23 ноября для контроля за размещением и питанием личного состава Северо-Западной армии в тылу была образована смешанная комиссия из представителей Эстонии, Северо-Западной армии, Великобритании и США. Генерал-майор Тыниссон обязал все службы 1-ой дивизии полностью сотрудничать с этой комиссией.[73] Снабжение Северо-Западной армии продовольствием продолжалось за счет запасов союзников. С 25 ноября эстонское командование выделило для размещения тылов Северо-Западной армии территорию в следующих границах: железнодорожная линия Нарва–Йыхви, дорога Йыхви–Раннапунгерья (вместе с поселениями вдоль нее), северное побережье Чудского озера – река Нарва. В Йыхви и на станции Аувере могли располагаться склады.[74] В дальнейшем было дано разрешение на размещение складов Северо-Западной армии также в Раквере, Нарве и на станции Ваэкюла.[75]

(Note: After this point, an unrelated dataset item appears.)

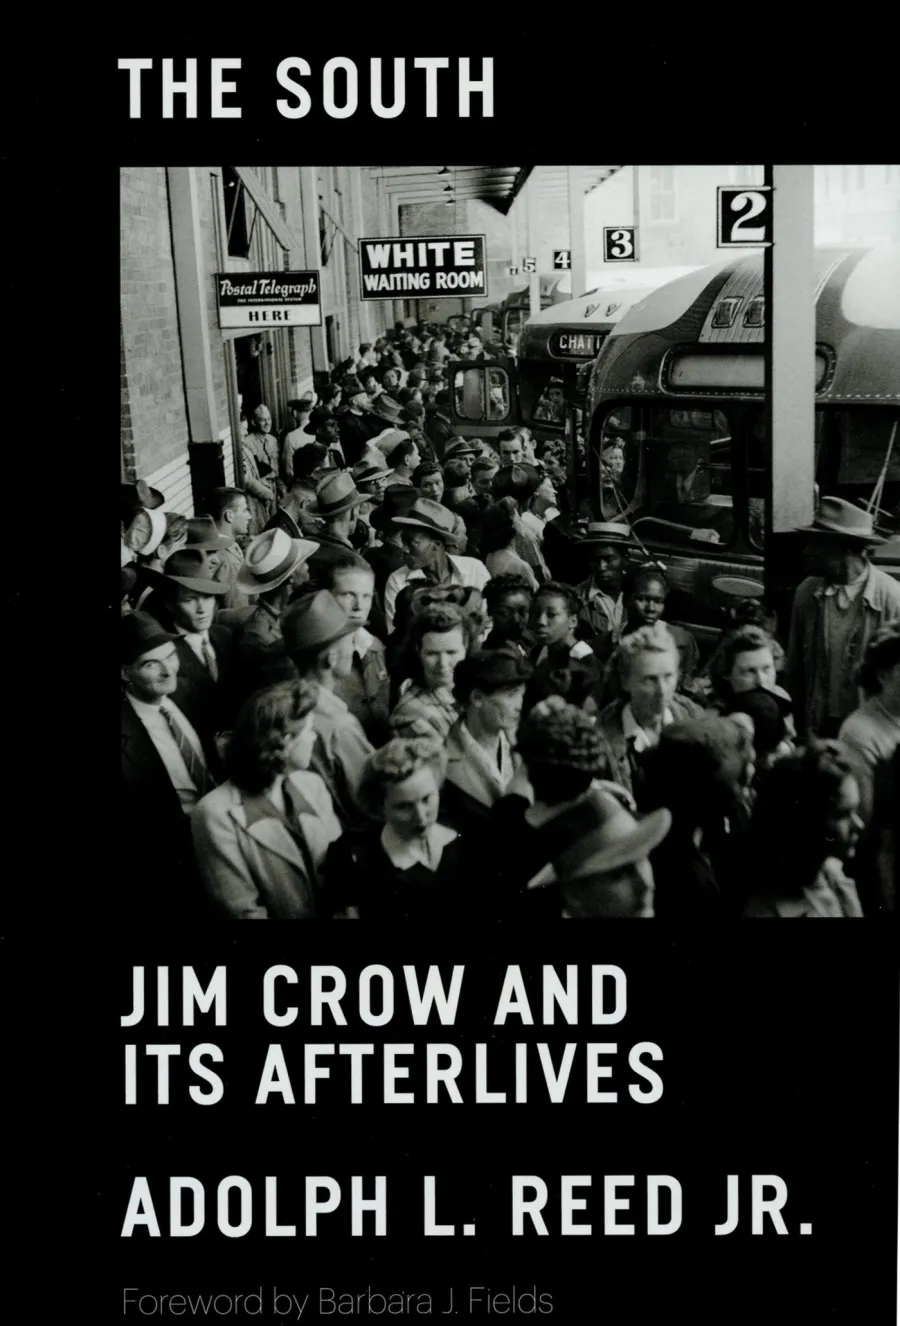 Living through Jim Crow
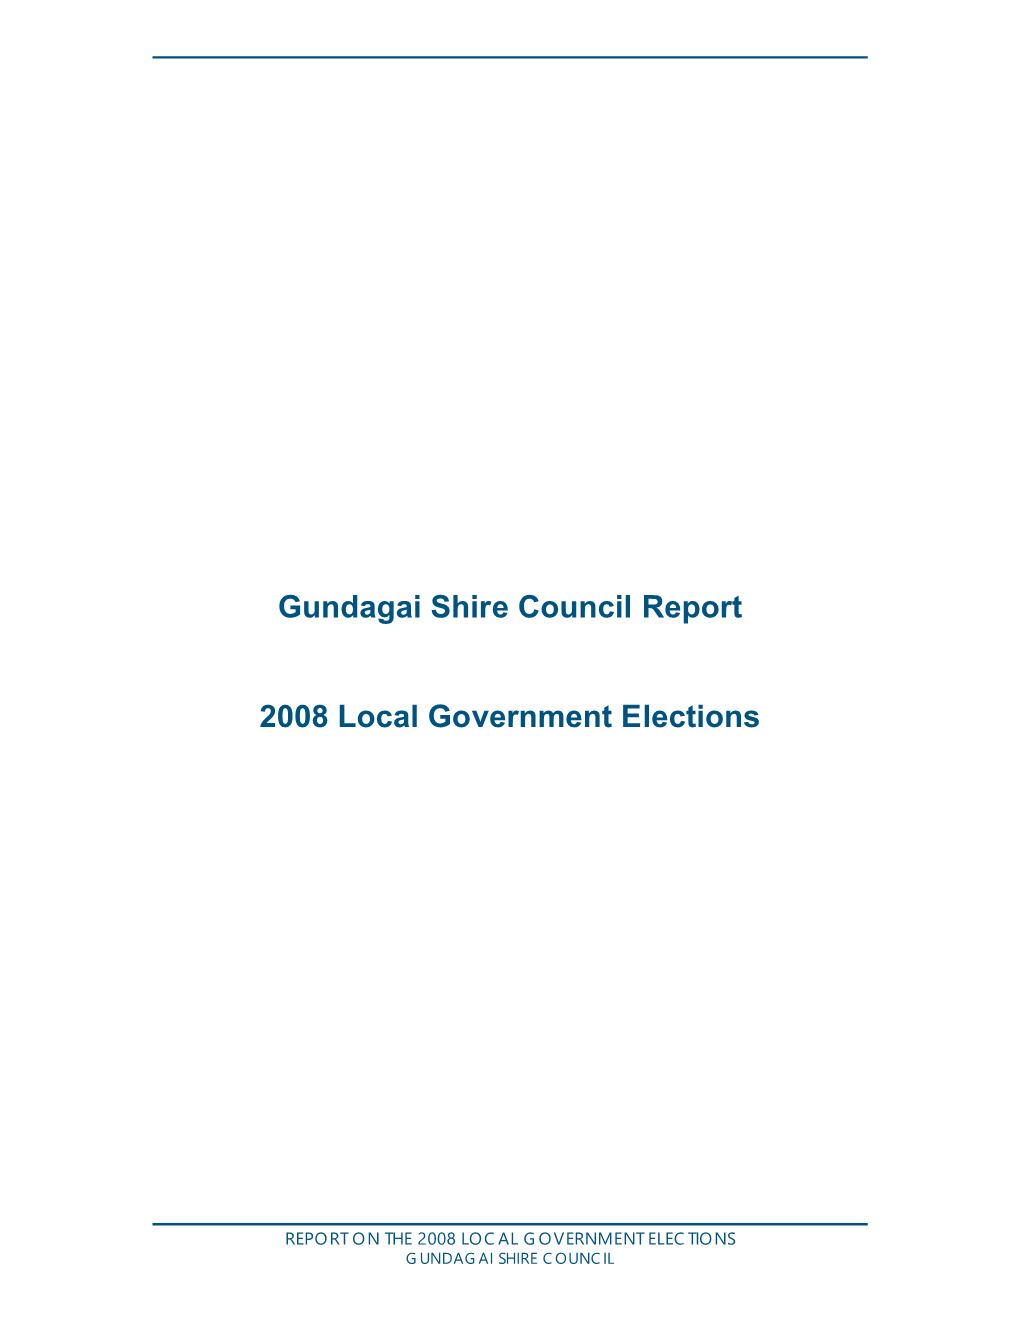 Gundagai Shire Council Report 2008 Local Government Elections

Распоряжением Лайдонера от 22 ноября начальник Эстонского управления железных дорог получил право на использование по своему усмотрению железнодорожного подвижного состава Северо-Западной армии.[76] Это было необходимо для повышения эффективности регулирования железнодорожного транспорта на Нарвском фронте и не означало, что паровозы и вагоны и находящееся в них имущество считались собственностью Эстонии.[77] В распоряжении Северо-Западной армии на тот момент находились 1237 вагонов и 26 паровозов, большинство последних были непригодны для использования и требовали ремонта.[78] В конце ноября численность размещенных на территории Эстонии военнослужащих Северо-Западной армии и беженцев составляло примерно 40 000 человек.[79] Около 8000 беженцев были размещены в районе Тойла-Азери, многие остались в Нарве.[80]
Во второй половине декабря в административном округе Йыхвиского и Раквереского полицейских участков (район Тойла-Азери) насчитывалось 7132 беженца, из них 6256 – русской национальности.[81] Надзор за скопившимися в Вируском уезде беженцами и северозападниками был возложен на комендантские команды Йыхви, Азери и Кунда.[82] Кроме того, на линии Тойла-Йыхви-Мяэтагузе-Ийзаку-Раннапунгерья были выставлены сторожевые посты 1-го пограничного батальона, чтобы предотвратить расползание частей Северо-Западной армии к западу от названной линии. По состоянию на 12 декабря на этих постах находилось 143 человека.[83]
29 ноября эстонский комендант Таллинна отдал таллиннскому коменданту Северо-Западной армии распоряжение, согласно которому, на основании решения правительства Эстонии, военнослужащим «бывшей Северо-Западной армии» запрещалось иметь при себе оружие и носить русскую военную форму.[84] По-видимому, запрет на ношение оружия и формы какое-то время действовал в Таллинне,[85] однако нет данных, подтверждающих, что до окончания войны его применяли где-либо еще в Эстонии. Подобные решения принимались, прежде всего, из-за желания продемонстрировать Москве, что Эстония действительно готова ликвидировать Северо-Западную армию.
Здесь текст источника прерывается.